Mão do Rei? Aquilo divertiu-o.
— E selaesori?
Moqorro tocou o nariz.
— Imbuído de um aroma agradável. Aromático, diria você? Florido?
— Então Selaesori Qhoran quer dizer Intendente Fedorento, mais ou menos?
— Antes Intendente Aromático.
Tyrion exibiu um sorriso torto.
— Acho que vou ficar com Fedorento. Mas agradeço-lhe pela aula.

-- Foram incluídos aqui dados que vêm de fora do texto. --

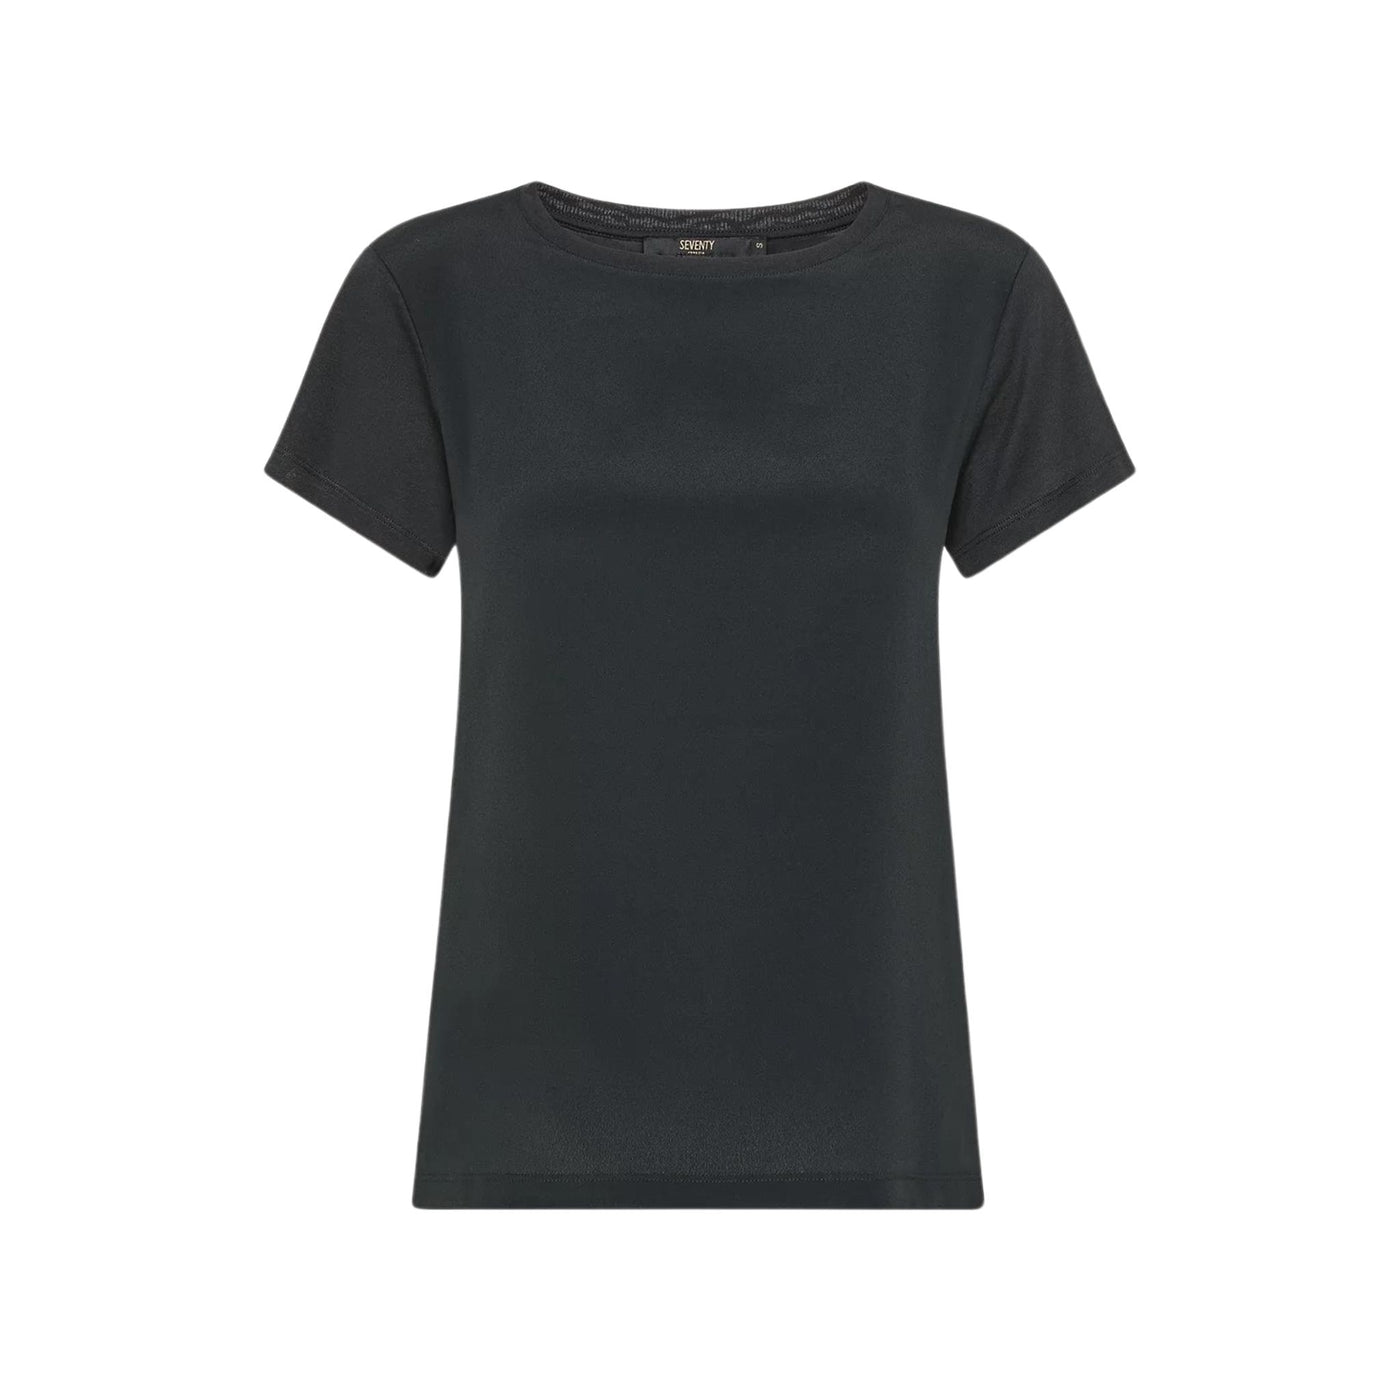 T-shirt Donna dalle linee classiche con scollatura girocollo

— Me agrada ter-lhe esclarecido. Algum dia talvez me deixe ensinar-lhee também a verdade de R'hllor.
— Algum dia. — Quando eu for uma cabeça num espigão.

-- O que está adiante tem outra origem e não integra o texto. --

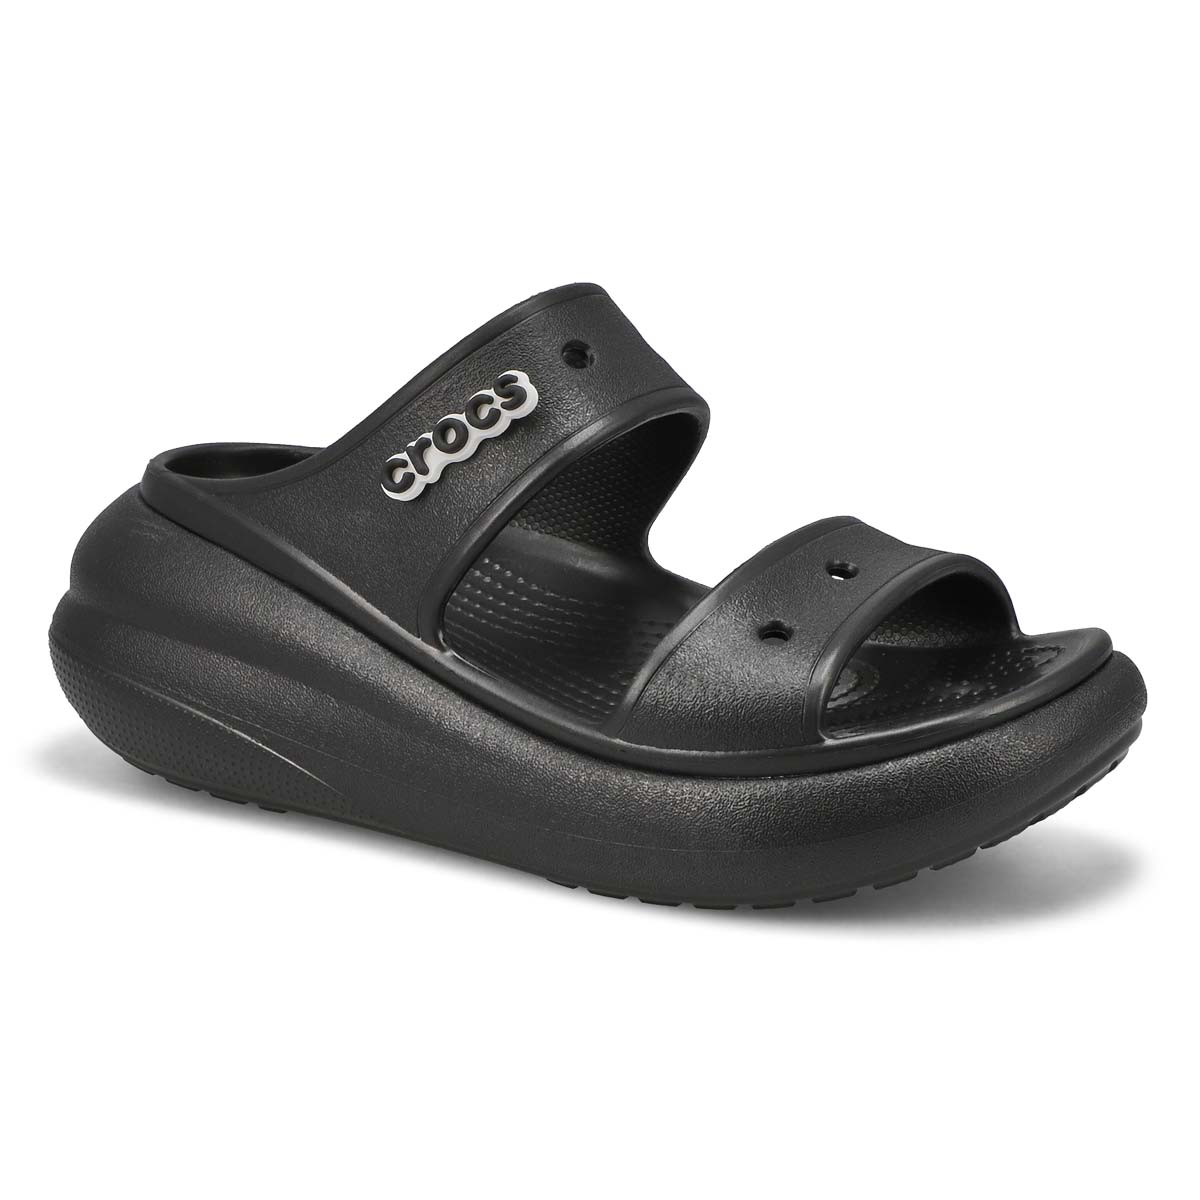 Crocs Women's Classic Crush Platform Sandal - | SoftMoc.com

Aos aposentos que partilhava com Sor Jorah chamavam cabine só por cortesia; aquele armário úmido, escuro e malcheiroso mal tinha espaço para pendurar um par de redes para dormir, uma por cima da outra. Foi dar com Mormont estendido na de baixo, balançando lentamente com os movimentos do navio.
— A menina finalmente pôs o nariz no convés — disse-lhe Tyrion. — Deitou-me uma olhadela e correu de volta para baixo.

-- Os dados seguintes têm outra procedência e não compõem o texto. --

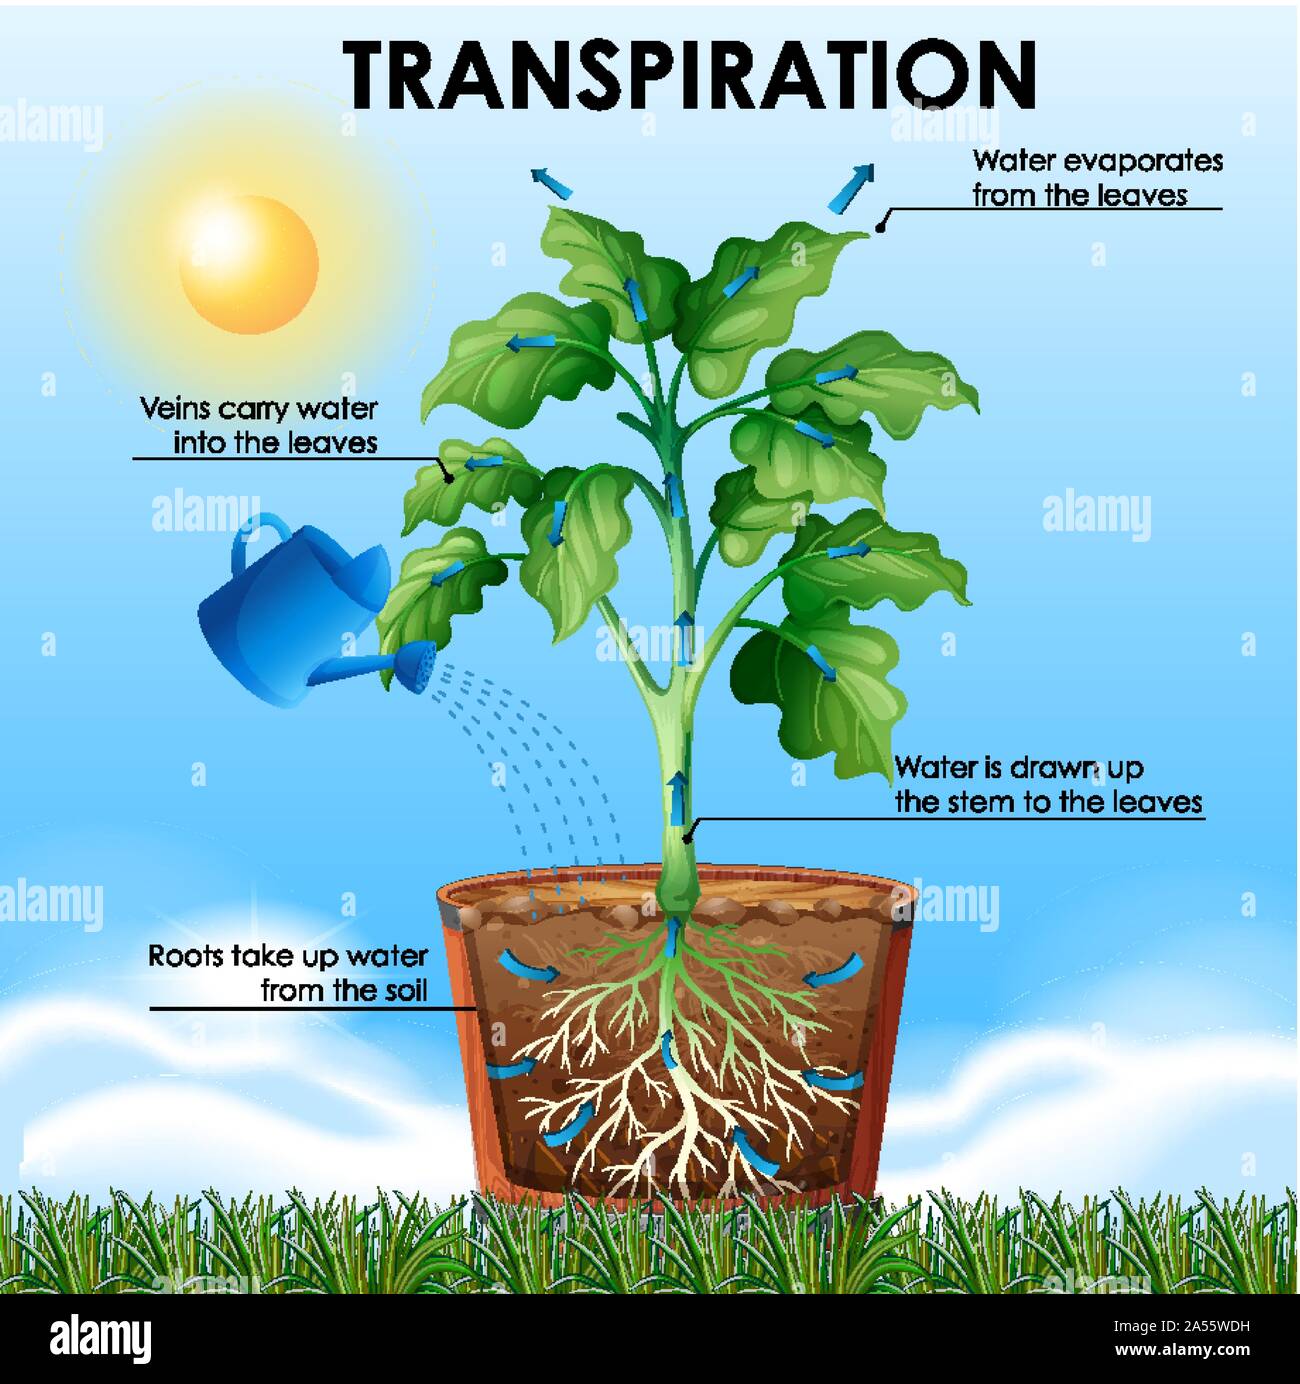 Diagramm mit Transpiration mit Pflanzen und Wasser Abbildung  Stock-Vektorgrafik - Alamy

— Você não é uma coisa bonita de se ver.
— Nem todos podemos ser tão bem aparecidos como você. A menina está perdida. Não me surpreenderia se a pobre criatura estivesse se esgueirando até lá acima para saltar pela amurada e se afogar.
— O nome da pobre criatura é Centava.
— Eu sei o nome dela. — Odiava o nome dela. O irmão respondia pelo nome de Tostão, embora o seu verdadeiro nome fosse Oppo. Tostão e Centava. As moedas menores, as que valiam menos e, o que era pior, eles próprios tinham escolhido os nomes. Aquilo deixava um amargor desagradável na boca de Tyrion. — Seja o nome qual for, ela precisa de um amigo.
Sor Jorah sentou-se na sua rede.
— Então torne-se amigo dela. Por mim até pode se casar com ela.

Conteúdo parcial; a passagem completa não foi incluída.